Data below:
··········
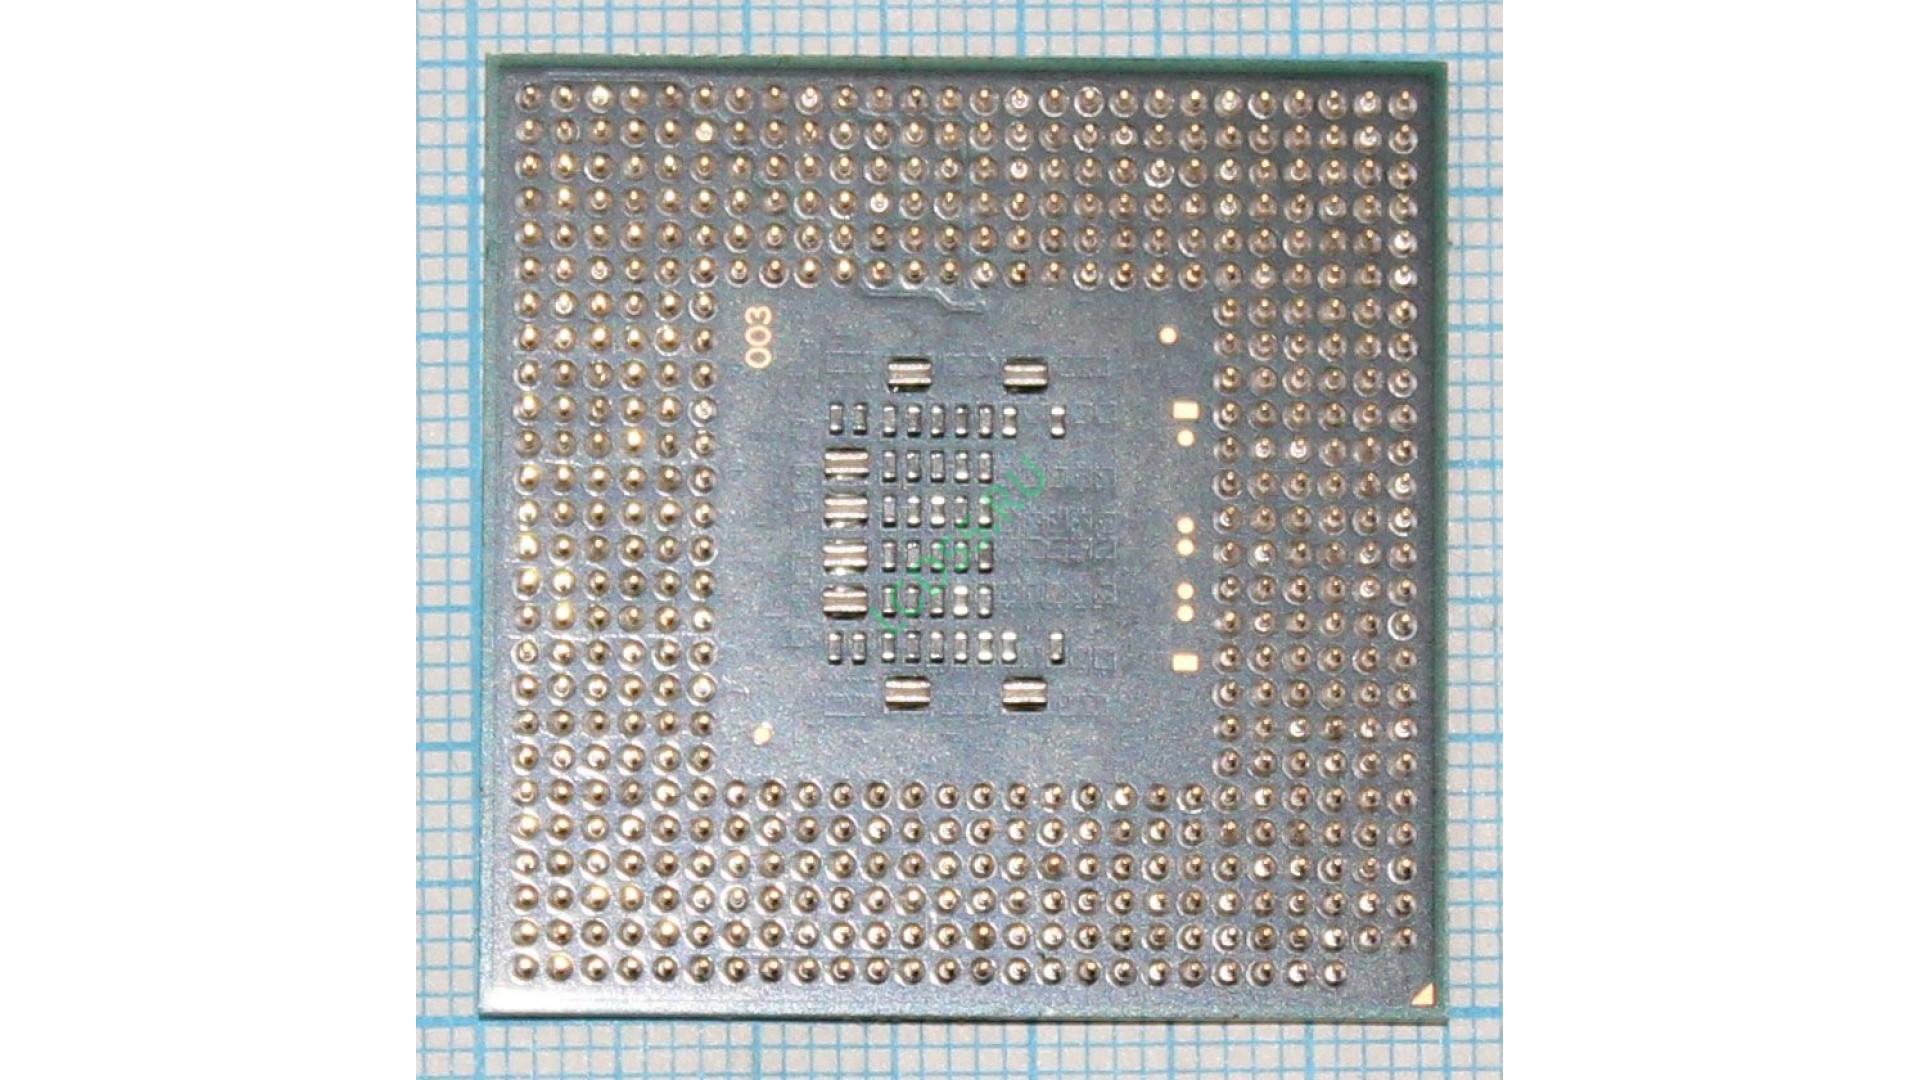 Intel T2310 SLAEC
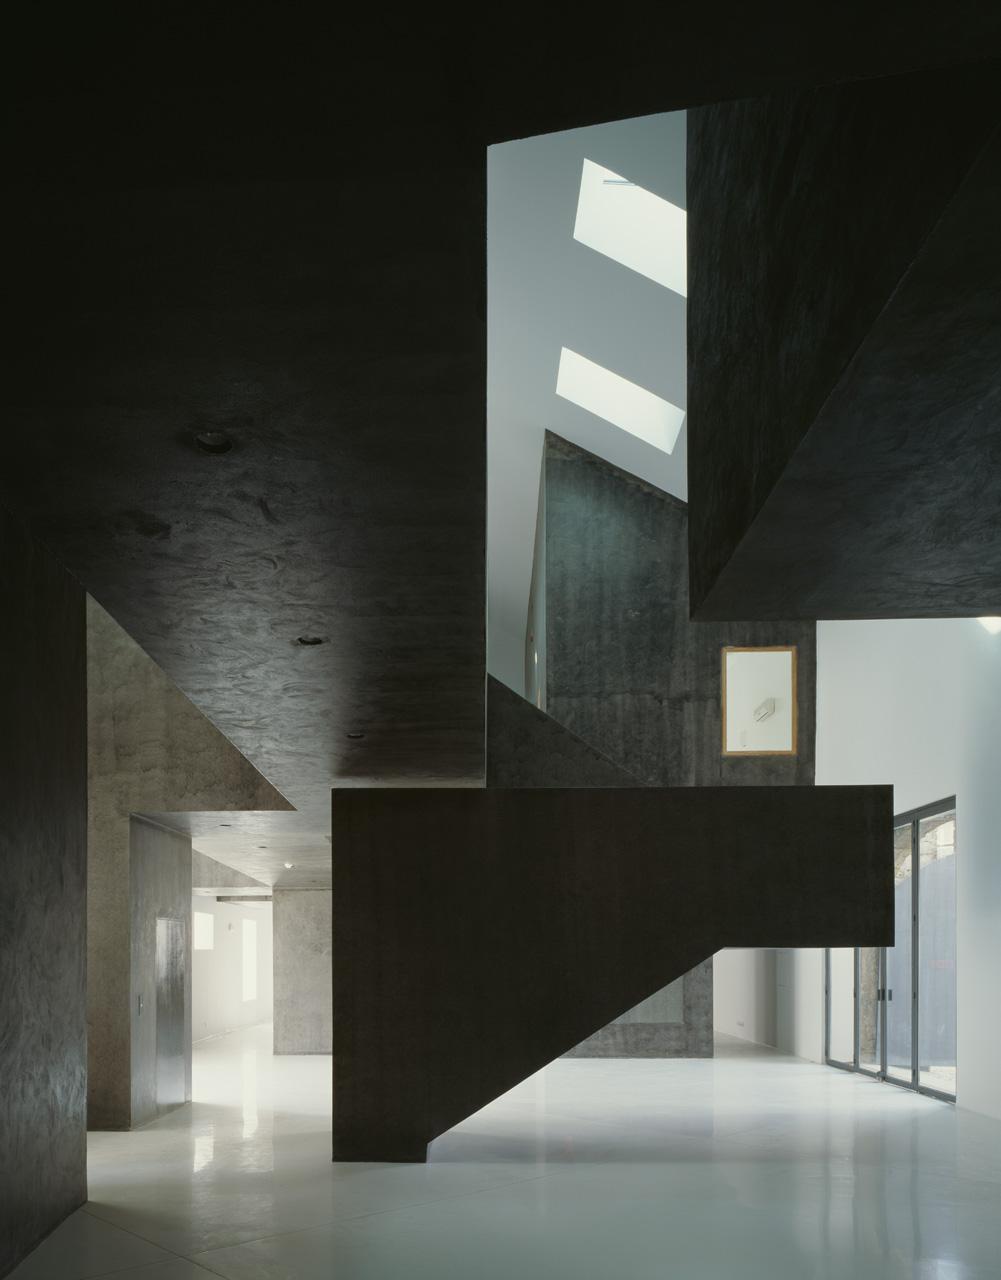 Casa dos Cubos / Embaixada arquitectura, Cortesia Embaixada arquitectura
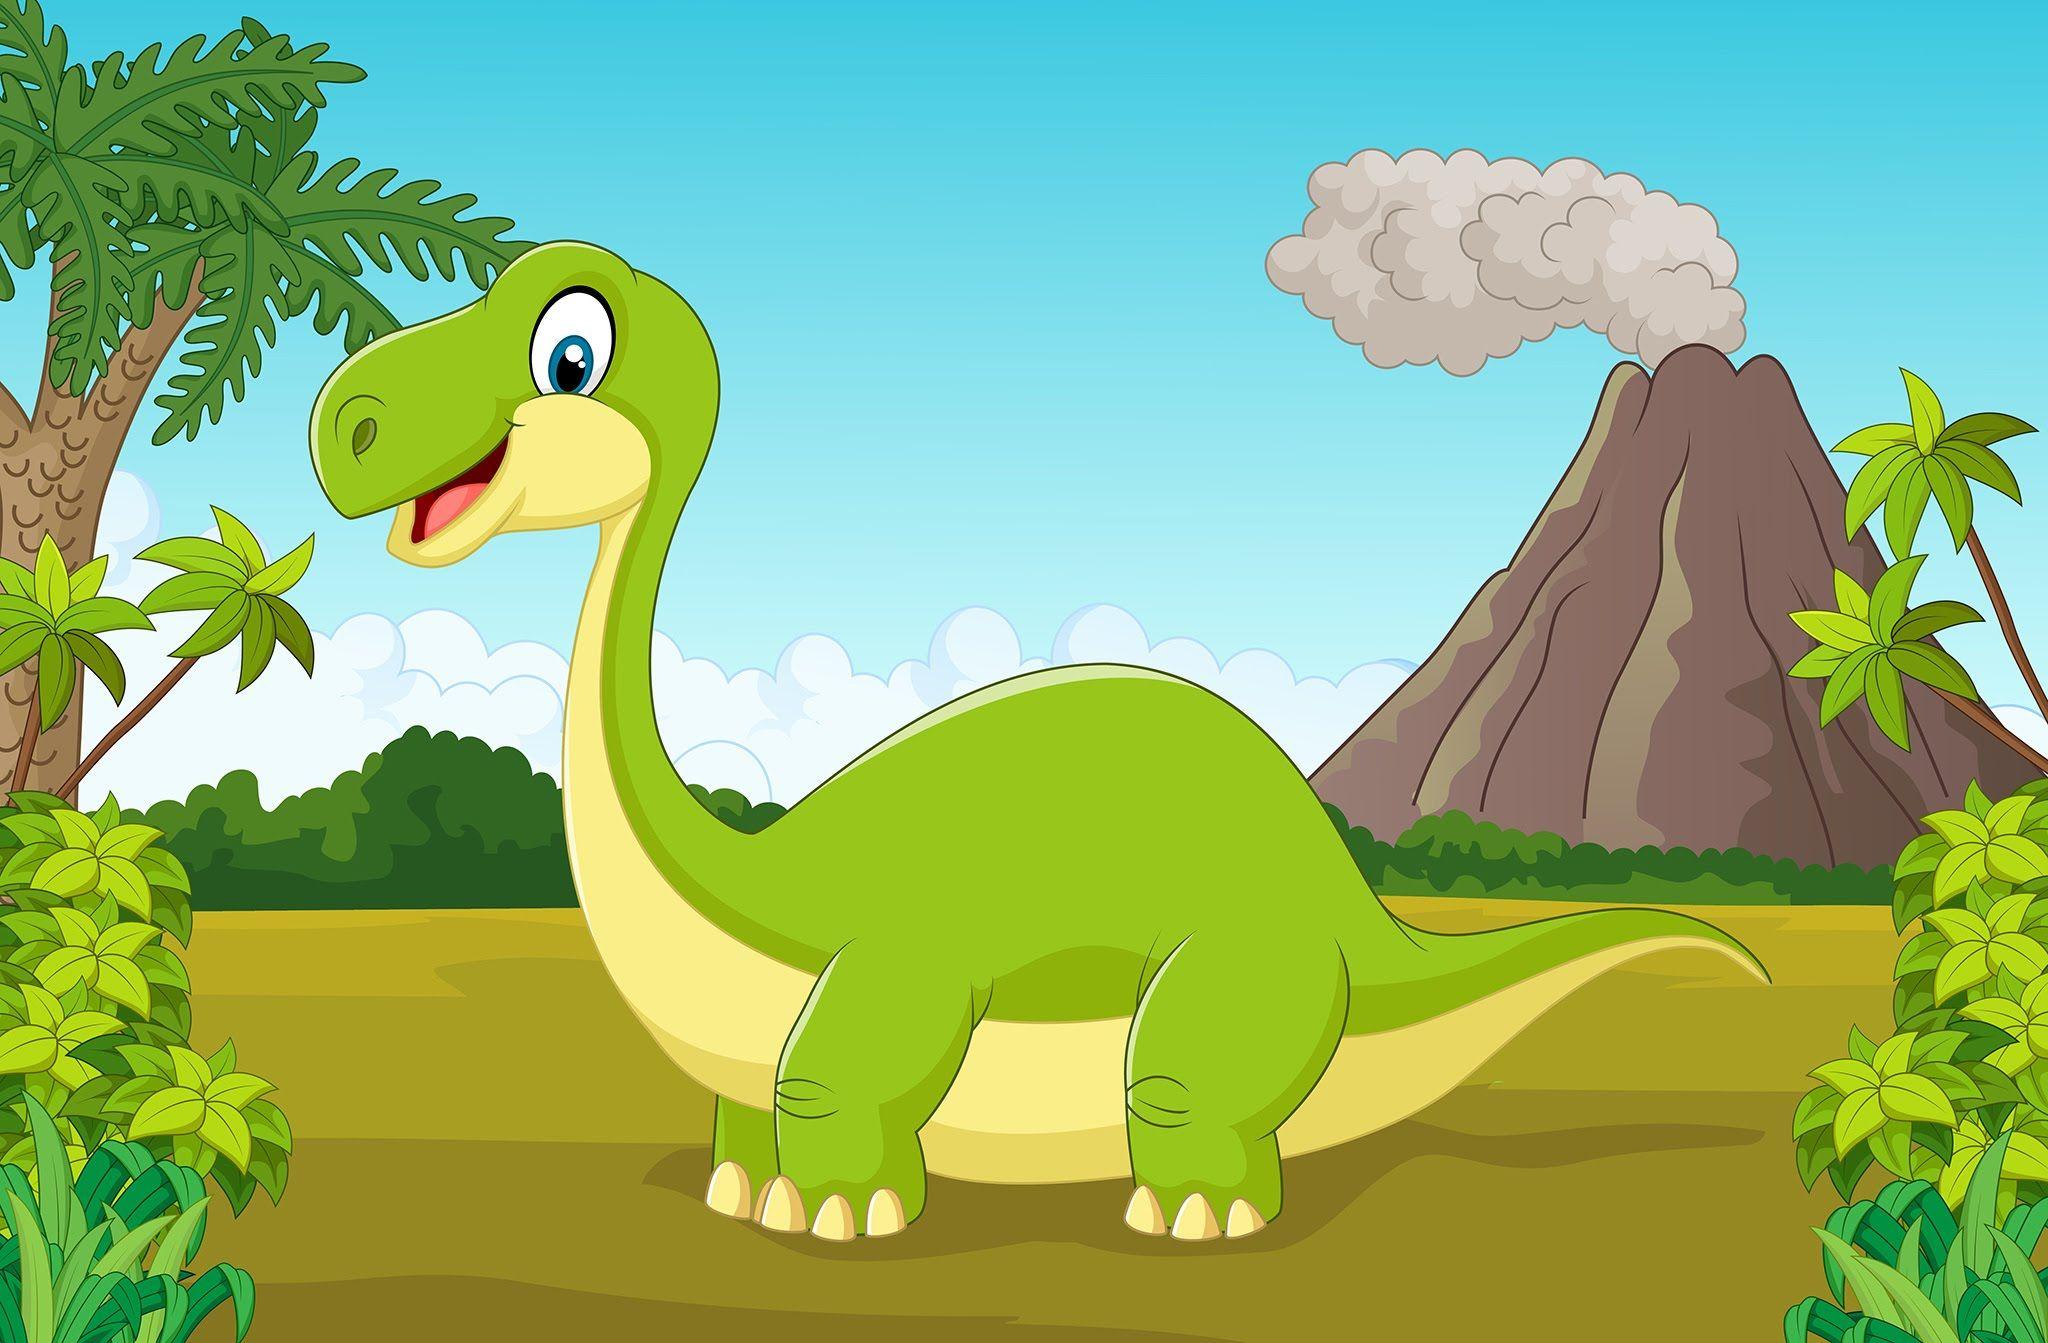 dinosaur cartoon - dinosaurs cartoon short movie - cute dinosaur cartoon | Cartoon  dinosaur, Dinosaur images, Cute dinosaur
··········
Your objective: Output the whole listing again, exactly, without its pictures.

Problem solution:
 Intel T2310 SLAEC
 Casa dos Cubos / Embaixada arquitectura, Cortesia Embaixada arquitectura
 dinosaur cartoon - dinosaurs cartoon short movie - cute dinosaur cartoon | Cartoon  dinosaur, Dinosaur images, Cute dinosaur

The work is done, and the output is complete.